Patent Application
20190280354
This disclosure relates generally to packaging battery cells, and in particular, to structures for containing individual packaged battery cells.
Over time, energy density in batteries has increased, while packaging size for the batteries has decreased. Lithium ion batteries are an example of high energy density batteries and have become the preferred battery technology for items such as, consumer electronics, electric vehicles, battery backup systems, and other energetic systems requiring a mobile and rechargeable power source. A byproduct of high energy density is that lithium ion batteries pose a greater safety risk than lower energy density technologies, due to the amount of chemical energy stored in a small package. A mechanism by which high energy density batteries fail energetically is called thermal runaway, a condition where the chemical reaction inside a single cell becomes unstable due to excessive heat which may be generated by an internal defect or by other means. Thermal runaway causes the single cell to continue to heat up at an ever-accelerating rate until the structural integrity of the single cell is compromised or the single cell combusts.
One aspect of an embodiment of the present invention discloses an apparatus for containing packaged battery cells, the apparatus comprising a containment structure disposed on a printed circuit board for encasing a first battery cell, the first battery cell being electrically coupled to the printed circuit board, the containment structure being a first blast plate structure coupled a first blast tube structure. The apparatus includes the first blast tube structure partially surrounding the first battery cell, wherein a bottom surface of a first end of the first blast tube structure is coupled to a top portion of the printed circuit board. The apparatus further includes the first blast plate structure coupled to a top surface of a second end of the first blast tube structure. The apparatus further includes a first thermal interface material at least partially surrounding the first battery cell, wherein the first thermal interface material is located between the first battery cell and the first blast tube structure.

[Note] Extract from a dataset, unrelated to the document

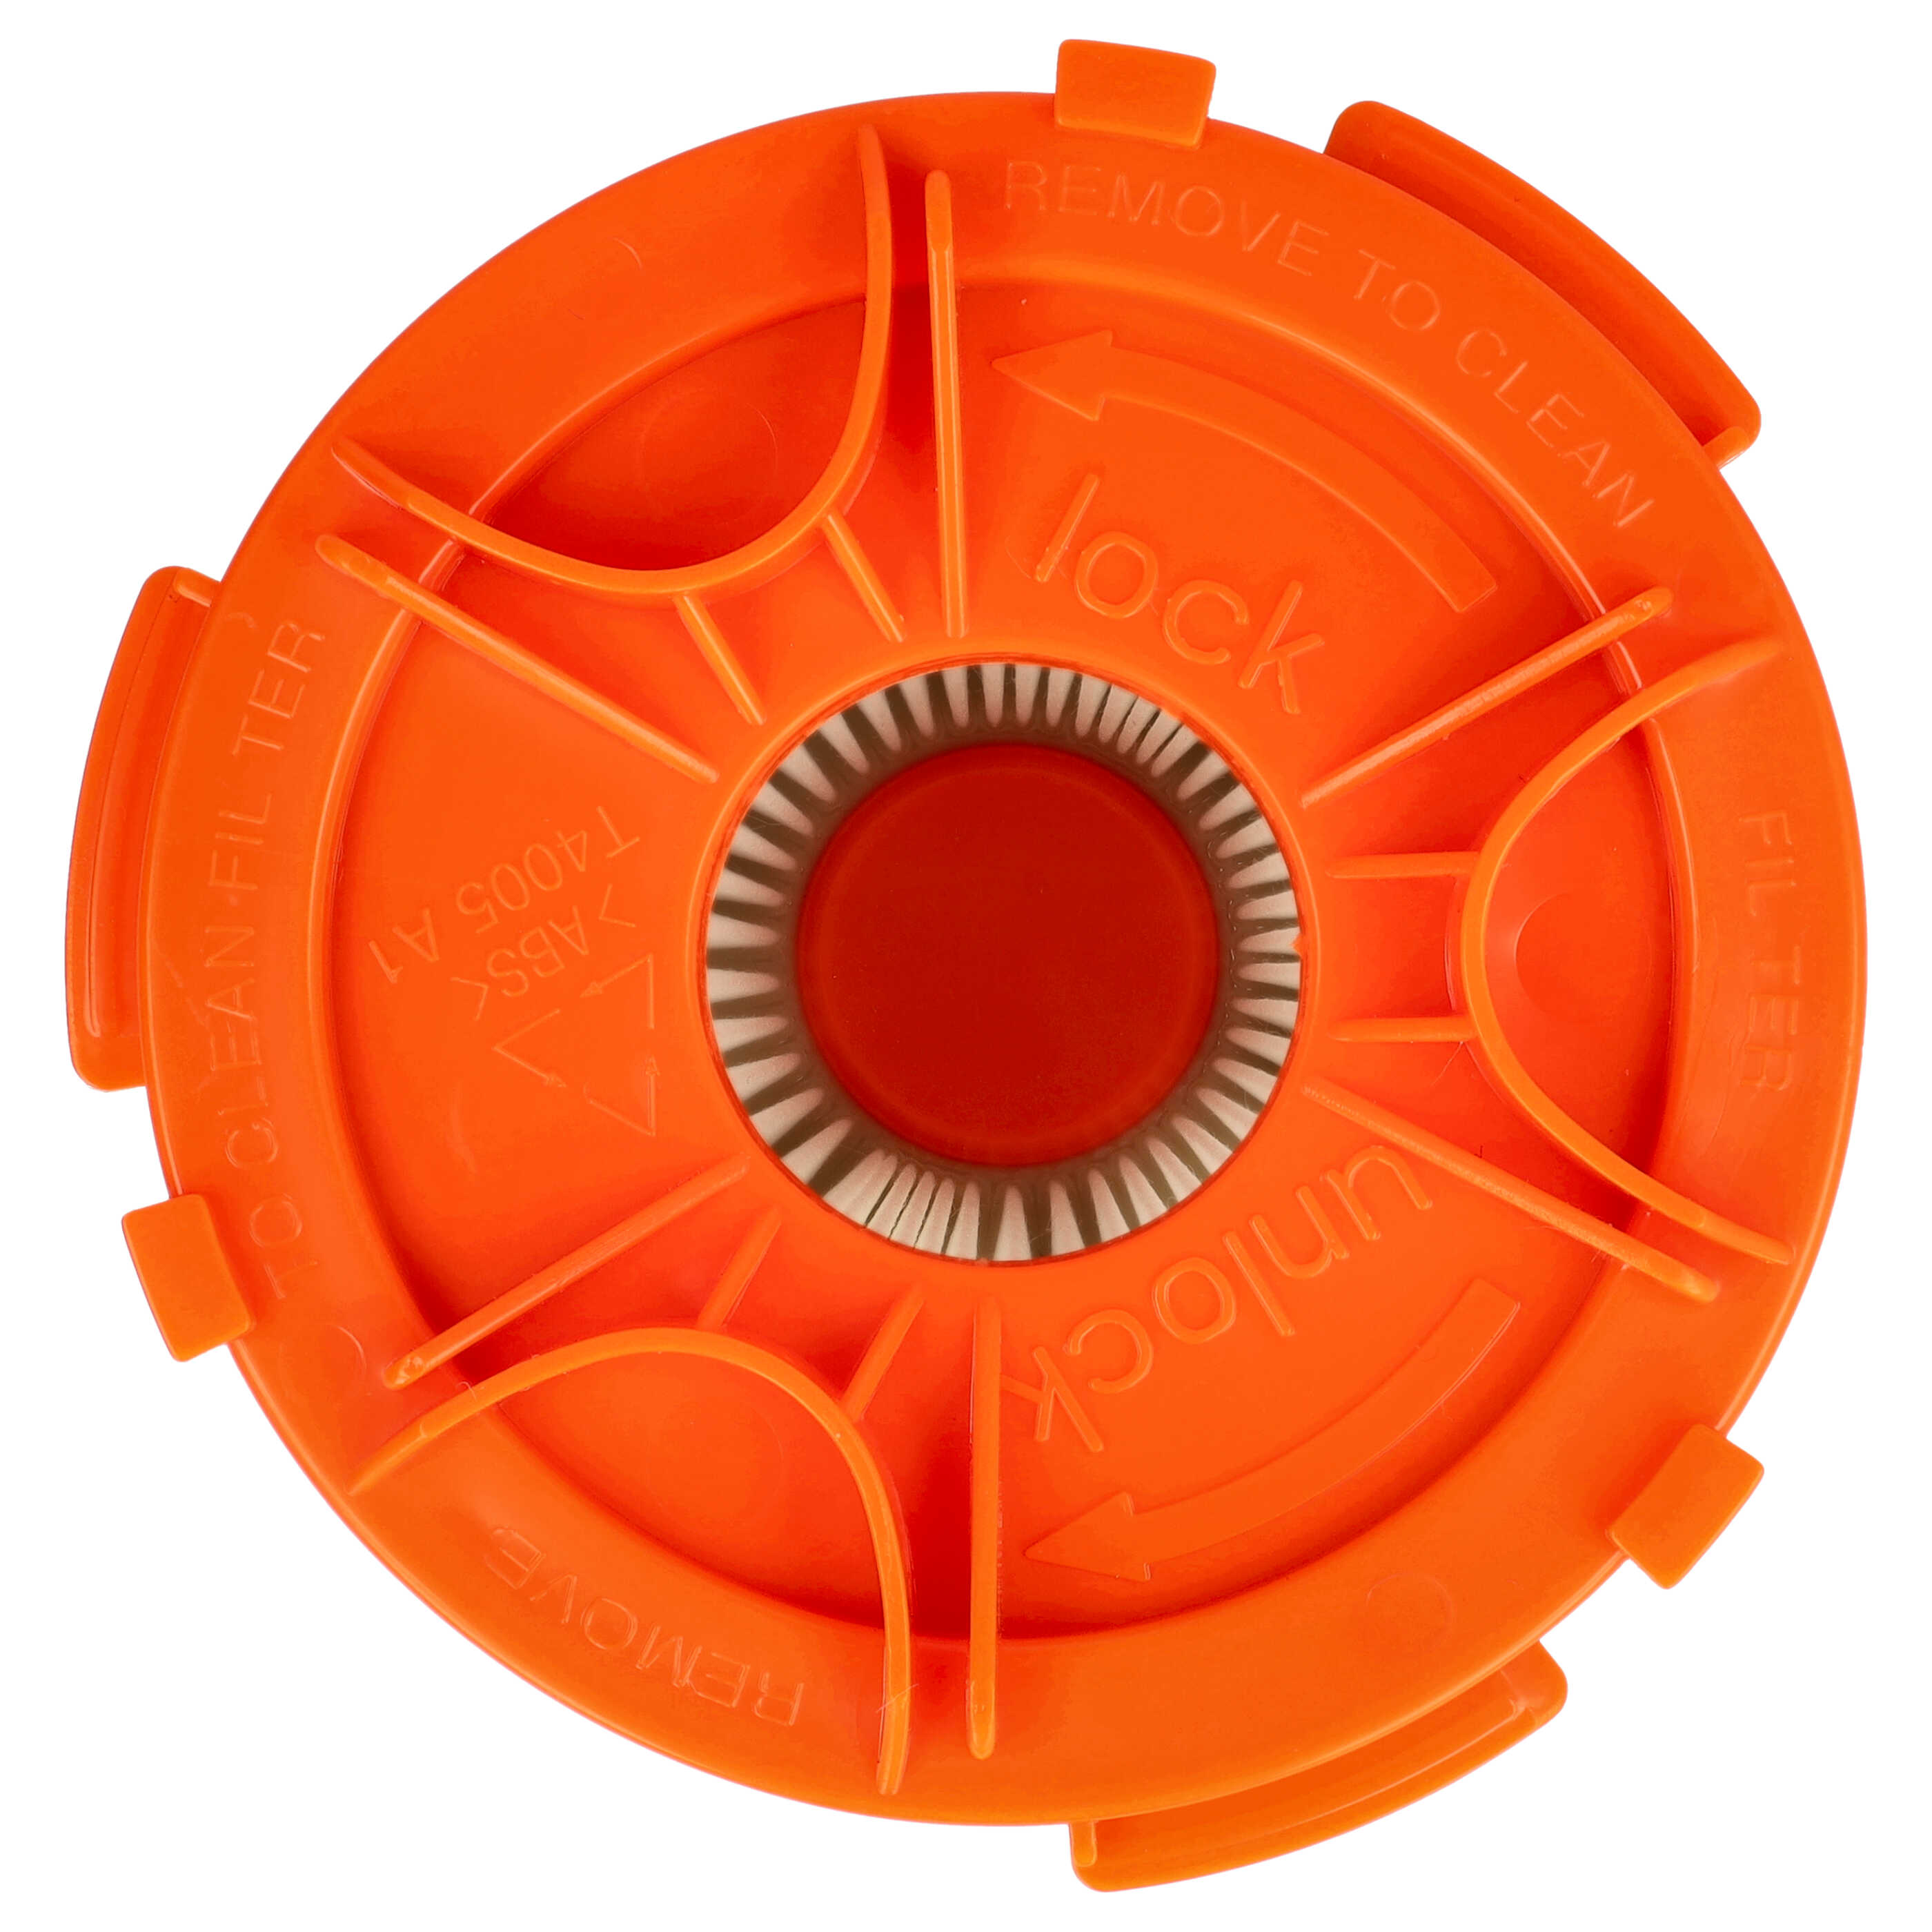 Filtro sostituisce AEG/Electrolux 4071387353 per aspirapolvere - filtro HEPA, nero / arancione / bianco

The following detailed description, given by way of example and not intended to limit the disclosure solely thereto, will best be appreciated in conjunction with the accompanying drawings, in which:
Larger battery cell packages containing multiple battery cells are typically cooled utilizing liquid coolant, where the coolant flows through tubing and piping around the battery cells to cool the battery cell package. The coolant draws heat away from the battery cells and allows for a containment unit to be placed around the cells to prevent a thermal runaway event from escaping the confines of the battery cell package. Some larger battery cell packages separate the battery cells into smaller clusters or modules which are isolated, preventing a cascading failure of all the battery cells in the battery cell package. It is atypical to provide cooling to larger battery cell packages utilizing air flow due to the difficulty of containing battery cells. The containment of battery cells prevents an uncontrolled event (e.g., fire) from exiting the battery cell package and causing damage or injury. The containment of a single battery cell prevents a single battery cell thermal runaway event from propagating to surrounding battery cells and creating a thermal runaway event across all the battery cells within the battery cell package.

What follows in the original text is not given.